Josh doesn’t know what to do, or what to say. ‘Post-nut clarity’, he’d once heard an intern tell another about a hook-up they’d regretted. And he thinks that was their orgasm, not their partners, but he doesn’t really see what the difference is.
“We, uh.” He drops the tissues that Wolf came on into his waste paper basket. Frowns to himself. “We shouldn’t have done that.” He shouldn’t have done that.
Wolf’s expression closes off. “Right,” he says. Then: “I should go.”
“Right,” Josh says, a pointless echo. “You should.”
Wolf nods once, more to himself than Josh.

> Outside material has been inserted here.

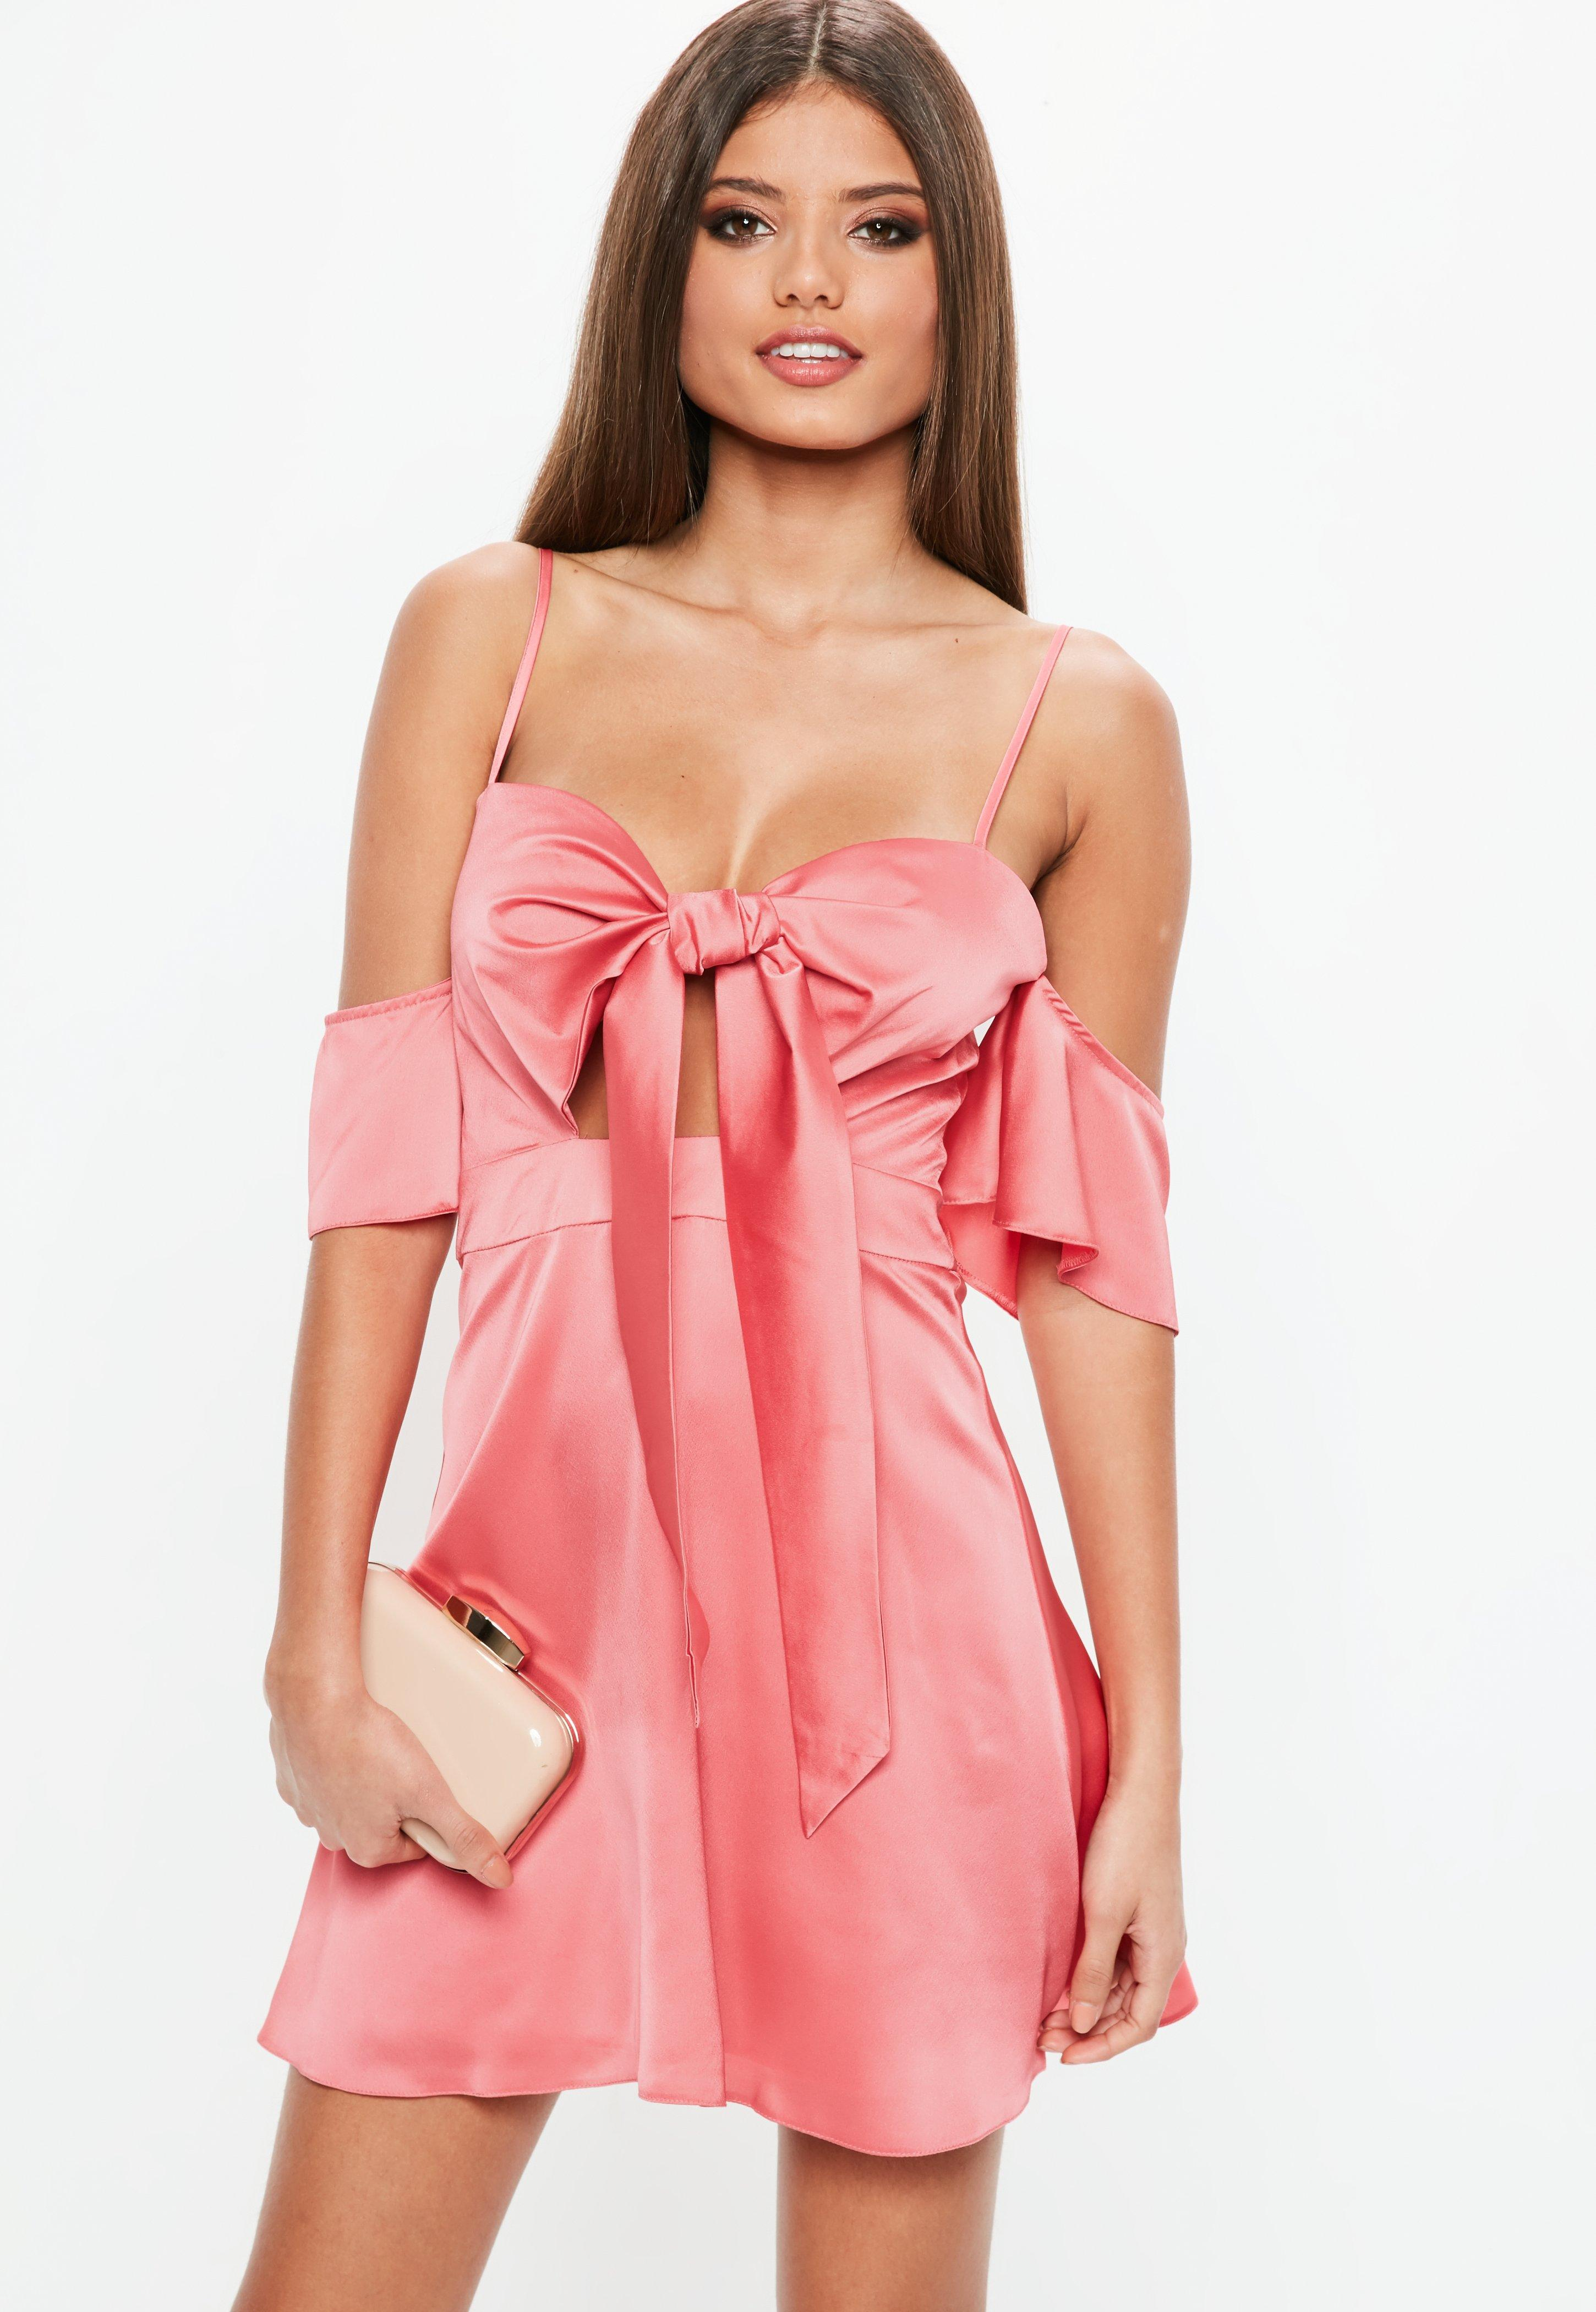 Vestidos de satén | Comprar vestidos de satén online - Missguided

Josh can only stand there.
Before Wolf leaves, he stops in the doorway and looks back over his shoulder; finds Josh.
Hope, traitorous hope, fills Josh’s chest. Wolf has always been so much better at wanting things. He was the one who kissed Josh on that street corner, and he was the one who told Josh that they shouldn’t give up on each other, and he—
“Remember those scans,” Wolf says, cold; colder than Josh ever thought him capable of.
That hope goes sour. Josh just about manages to nod, a single perfunctory up-down motion of his head. “Yes.”
Then Wolf walks away.
And Josh is left standing there in the middle of his office, with fresh memories of Oliver Wolf’s touch and yet not a single thing to show for it.